The village woke before the sun.Not because of roosters.Not because of merchants setting up stalls. Because someone was screaming.

It wasn't the scream of pain.It was the scream of someone trying to hold onto something that kept slipping through their hands.

Yan Luo heard it first. He had not slept. The night had been spent replaying the basin's visions layered pasts, fractured timelines, and that hollow space shaped like Xu Yang.

When the scream tore through the dawn air, he was already on his feet.

Qing Li stumbled from the guest room, hair unbound, sword half-drawn. "Enemy?" he asked.

Yan Luo shook his head. "Worse."

Outside, villagers were gathering in the square. At the center knelt a middle-aged farmer, clutching his head.

"I remember both!" he cried. "Both are true! Which one is mine?!"

Qing Li recognized him. Zhao Wei a quiet man, known for his neat fields and punctual routines. But now his eyes were bloodshot, unfocused, darting between faces as if each one belonged to a different world.

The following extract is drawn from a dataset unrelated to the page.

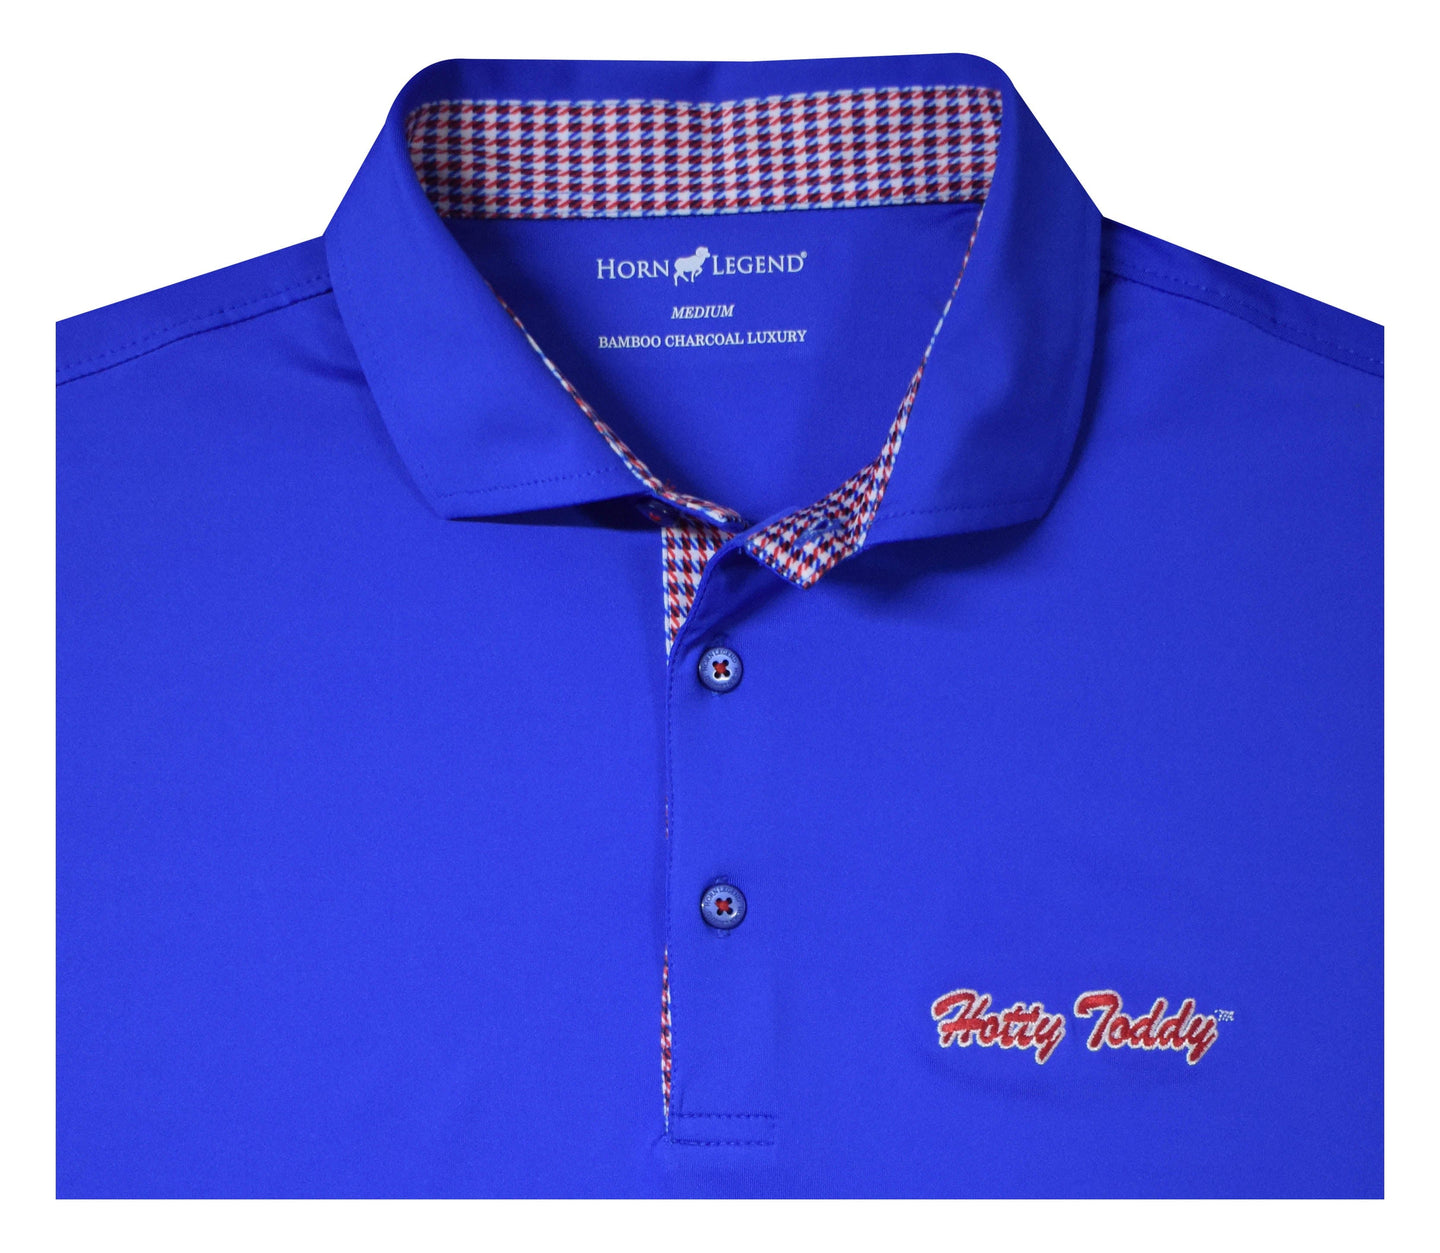 HORN LEGEND GAMEDAY - UNIVERSITY OF MISSISSIPPI - OXFORD - POLOS BLUE/RED / S HOTTY TODDY SOLID HOUNDSTOOTH TRIM POLO

"My wife ..." he said hoarsely. "My wife is alive."

A murmur rippled through the crowd.His wife had died three years ago. Everyone knew that.

Yan Luo stepped closer. "Tell us what you remember."

Zhao Wei's breath came in sharp bursts.

"I buried her," he said. "I remember the rain. The mud. The weight of the coffin."

His hands trembled violently.

"But this morning," he whispered, "she was cooking."

The crowd recoiled.

"They're both real," Zhao Wei said, his voice breaking. "I can smell the incense from her funeral… and the porridge she made today. I buried her… and I ate with her."

His gaze fell on his own hands, as if they belonged to a stranger.

"Which life is mine?" he whispered.

At the edge of the square, a black cat sat on the stone wall. Xu Yang's tail lay still. He could see it. Not with eyes alone but in the faint, shimmering threads clinging to Zhao Wei's chest. Two sets of memories. Two histories.Both anchored.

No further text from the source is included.